__The data__.
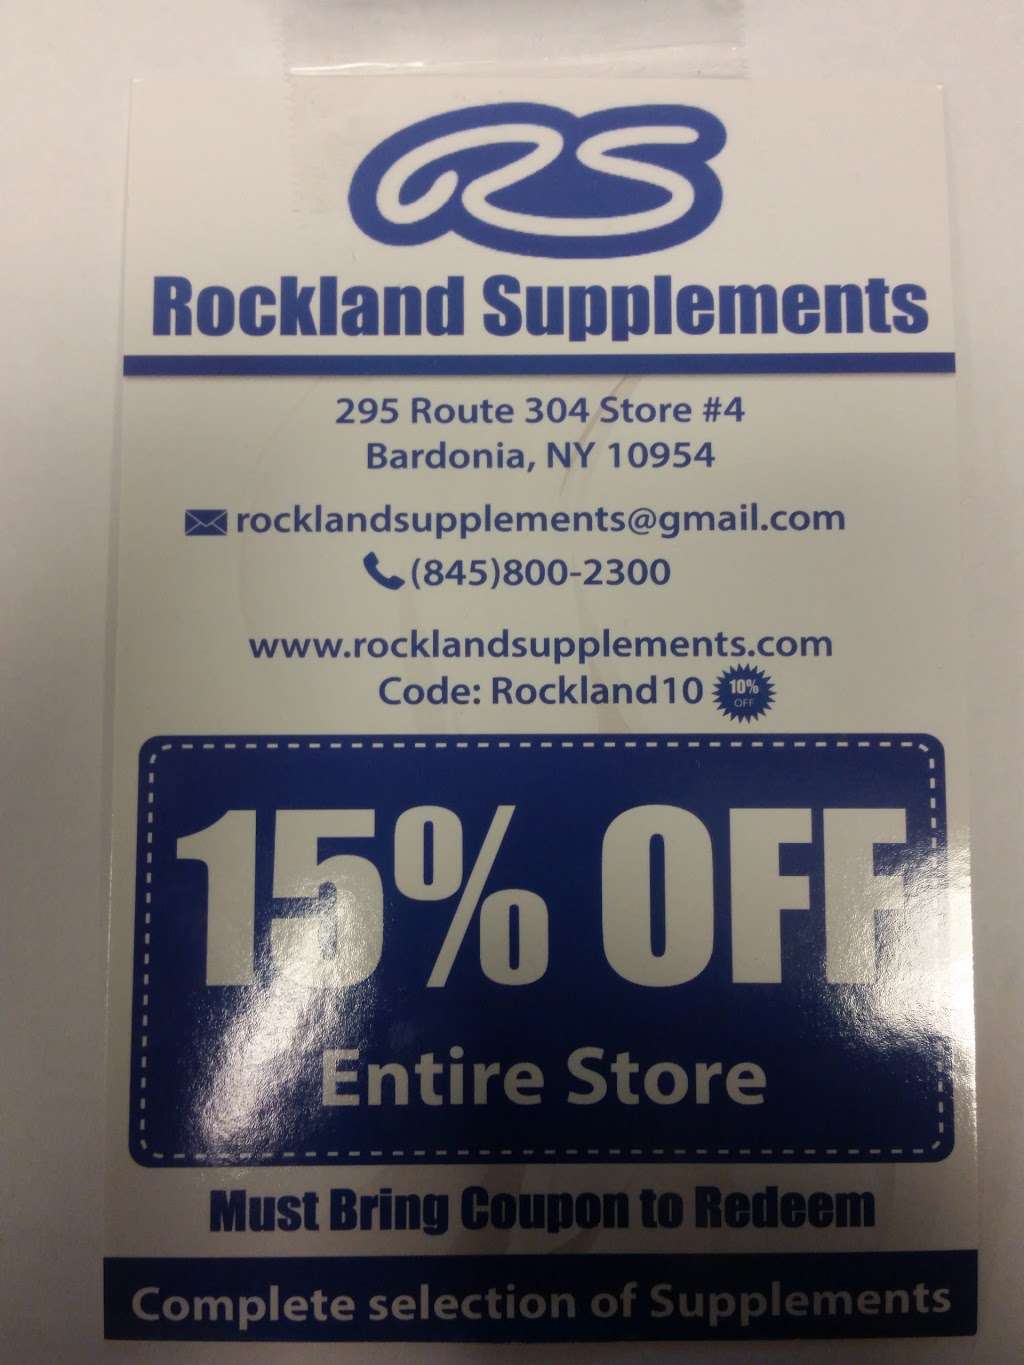 Rockland Supplements | 295 Route 304 Lowr 4, Bardonia, NY 10954 | Phone: (845) 800-2300
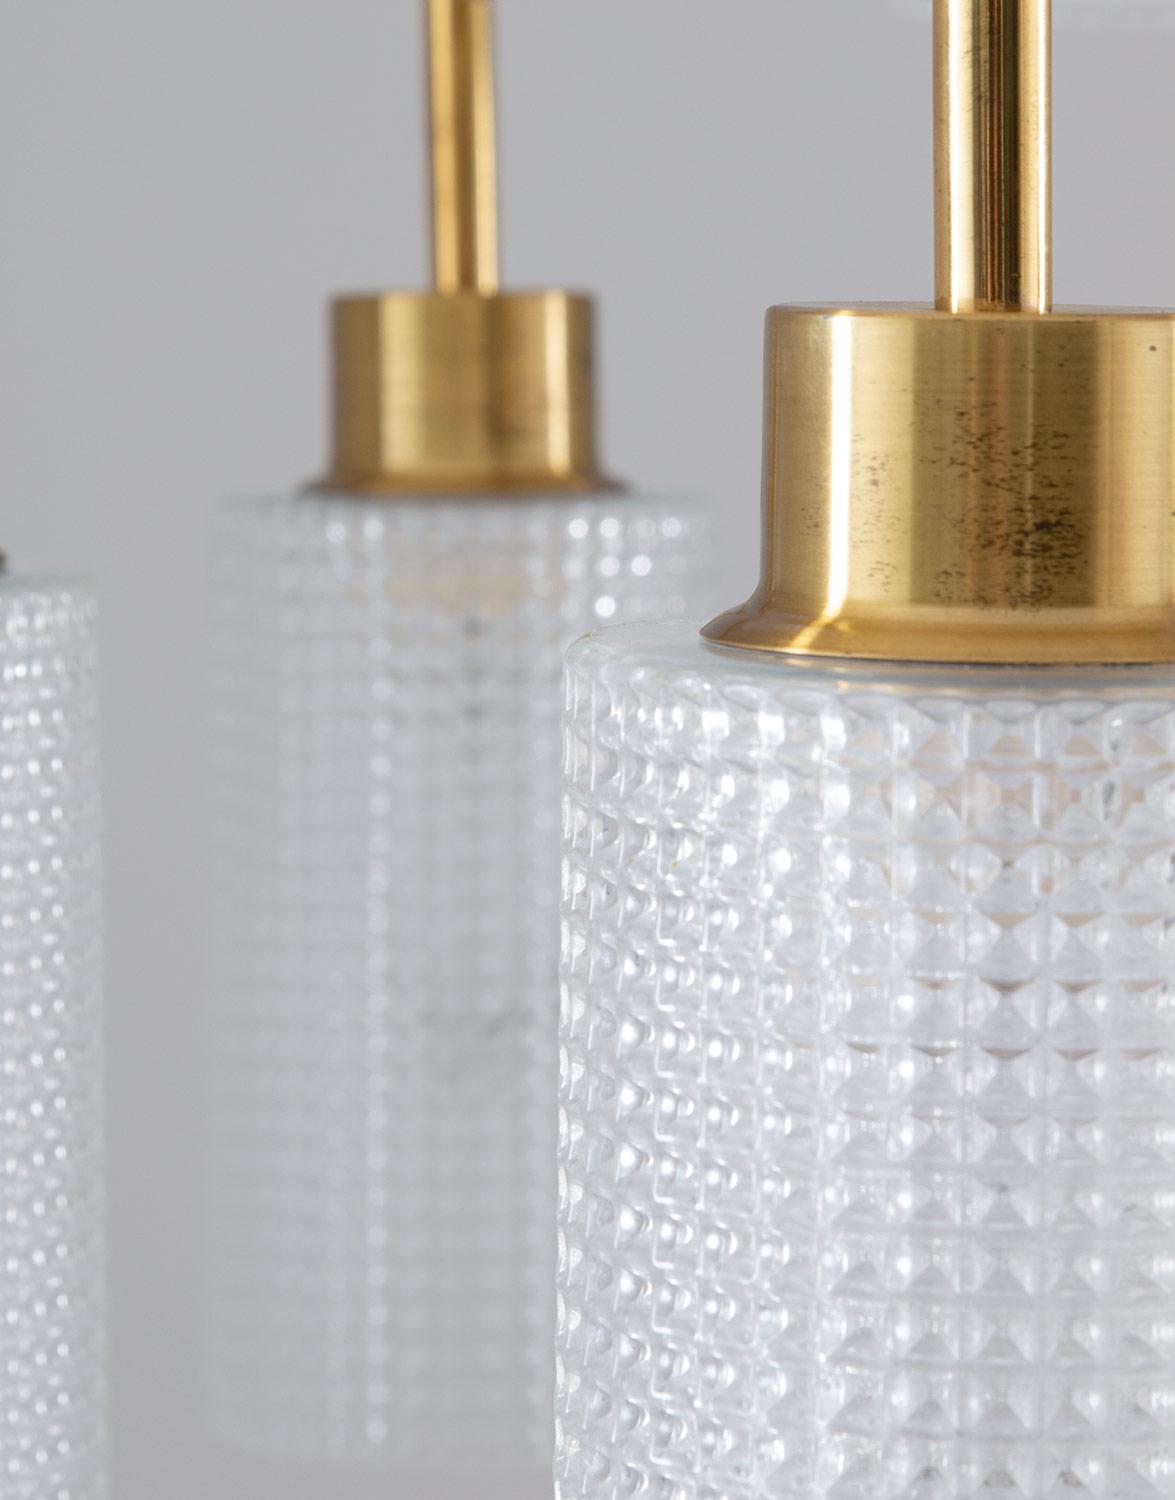 Swedish Chandeliers in Brass and Glass by Holger Johansson For Sale 2
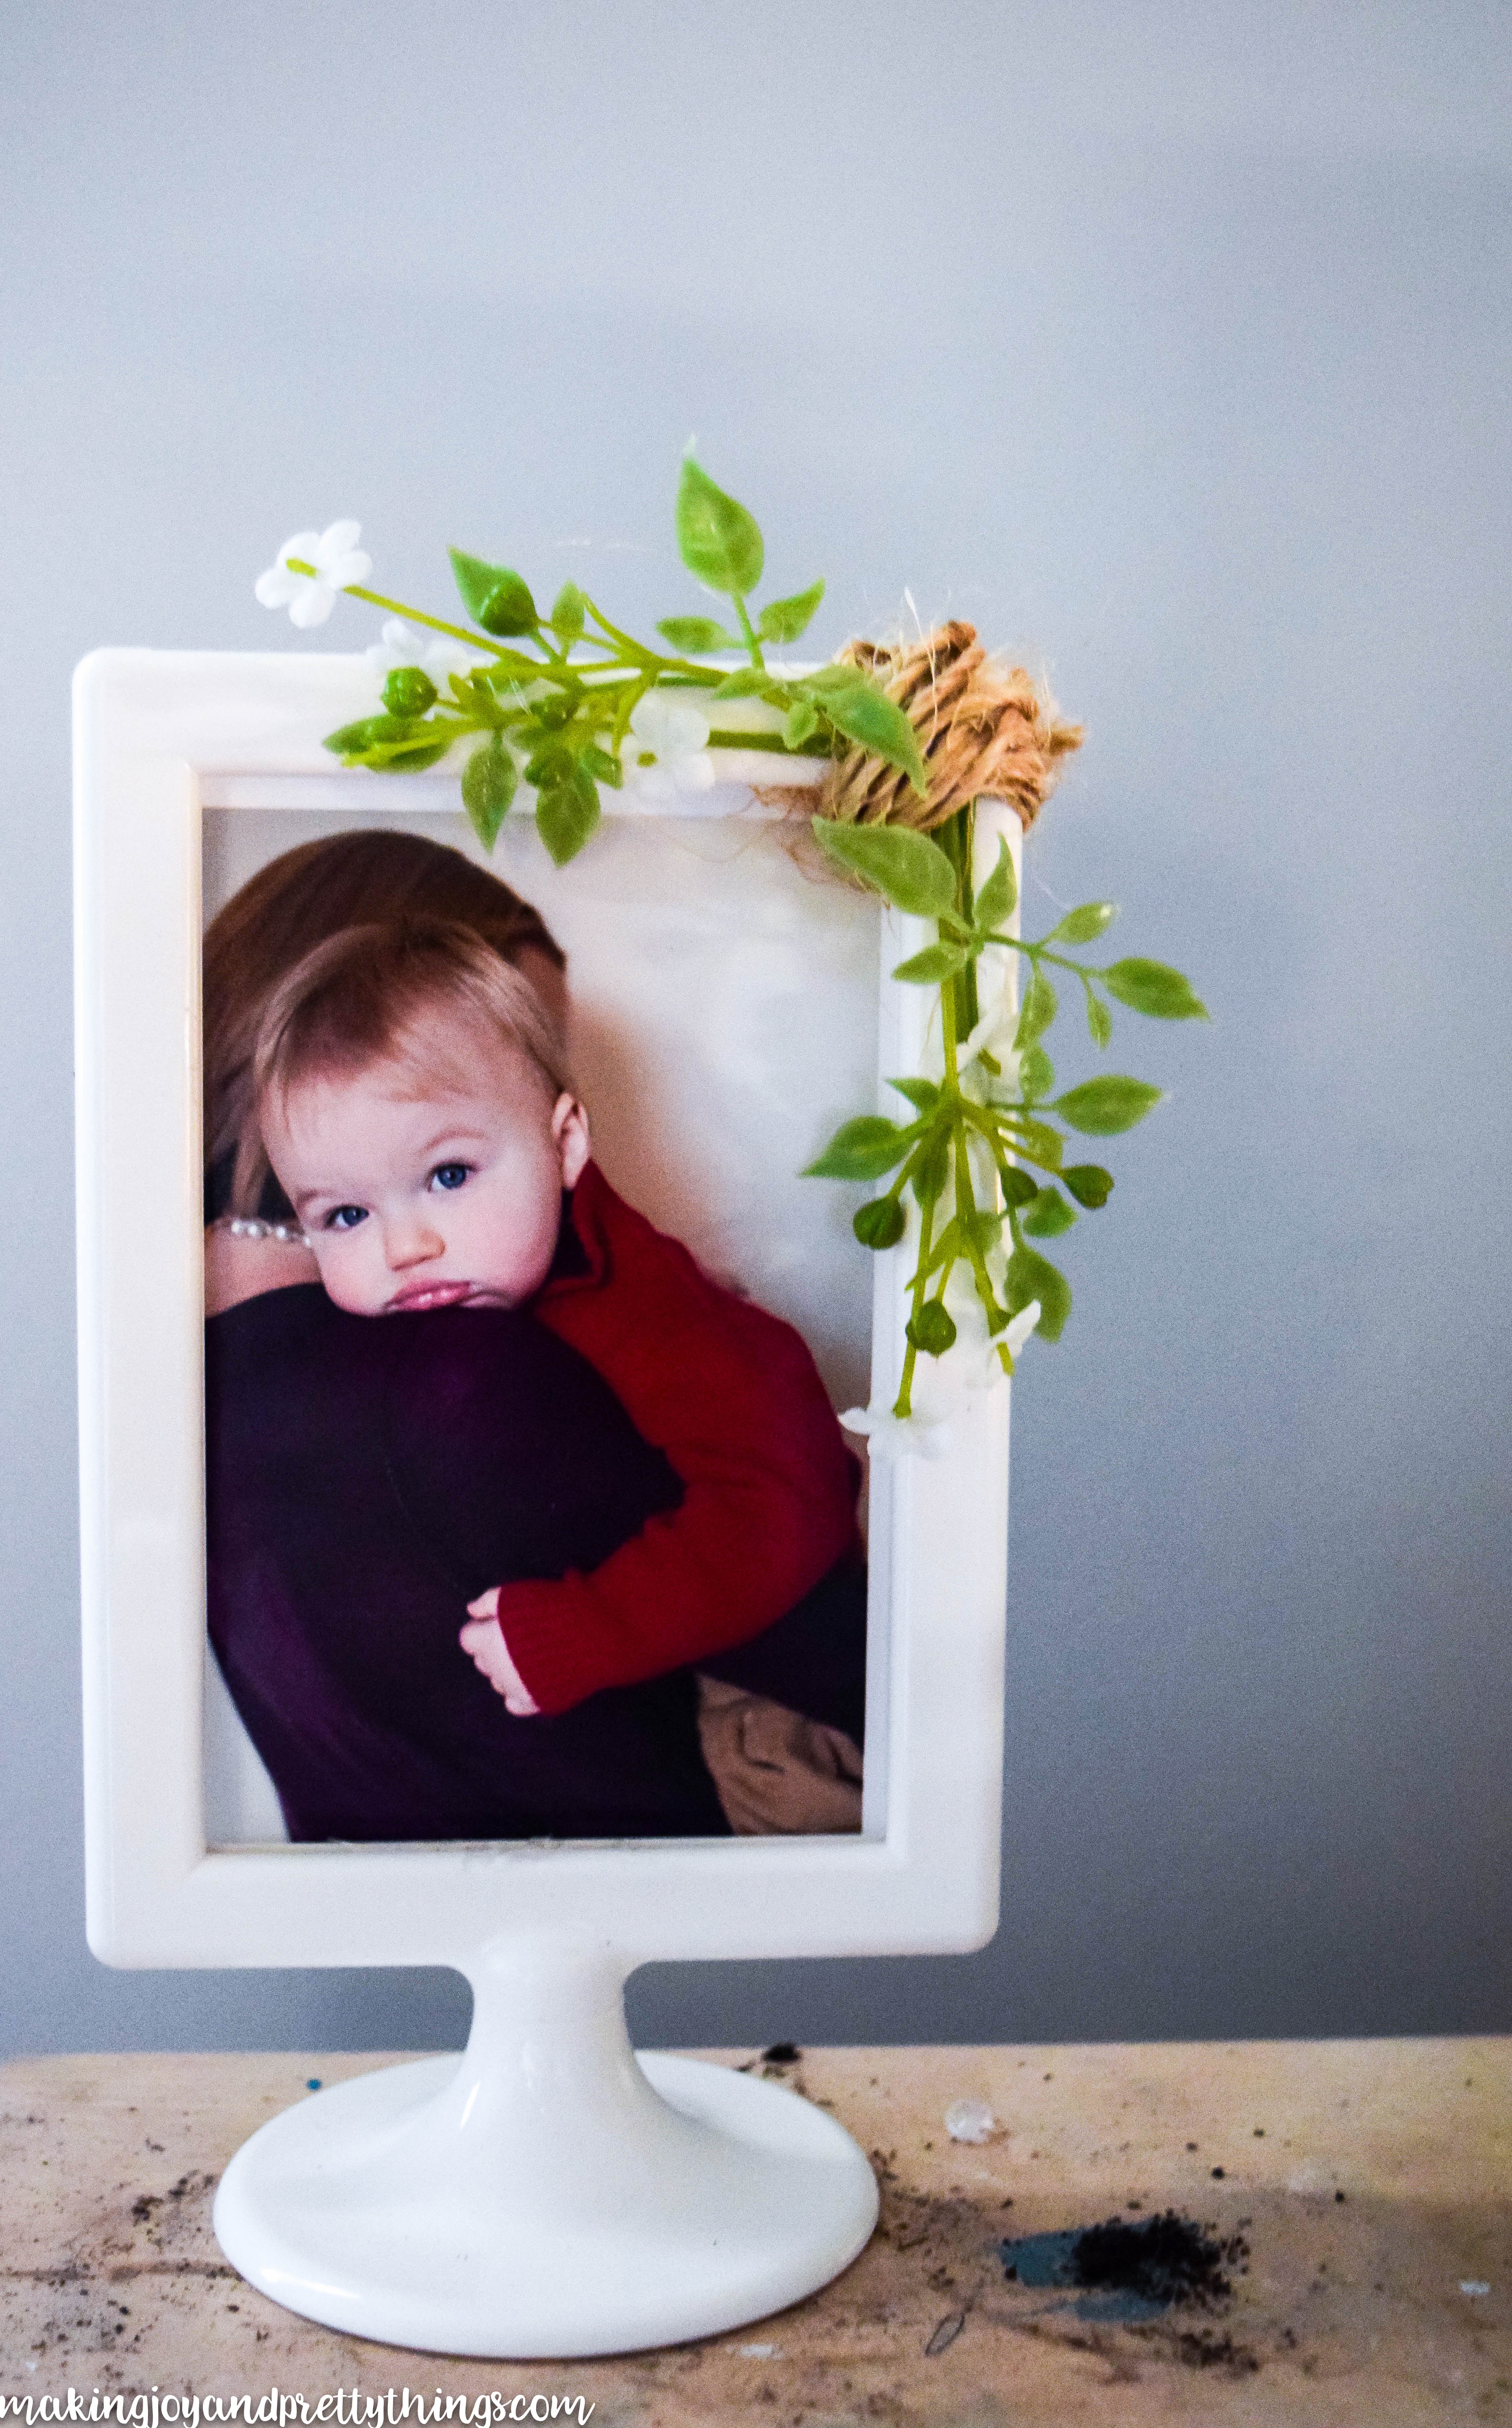 A simple white picture frame with a round base holds an image of a toddler looking over a mother's shoulder into the camera. Faux sprigs of greenery and small white flours are attached to the corner of the frame with crafting twine.

__What to work on__. The task requires that every line above be transcribed exactly, without the images.

__Solved exercise__.
 Rockland Supplements | 295 Route 304 Lowr 4, Bardonia, NY 10954 | Phone: (845) 800-2300
 Swedish Chandeliers in Brass and Glass by Holger Johansson For Sale 2
 A simple white picture frame with a round base holds an image of a toddler looking over a mother's shoulder into the camera. Faux sprigs of greenery and small white flours are attached to the corner of the frame with crafting twine.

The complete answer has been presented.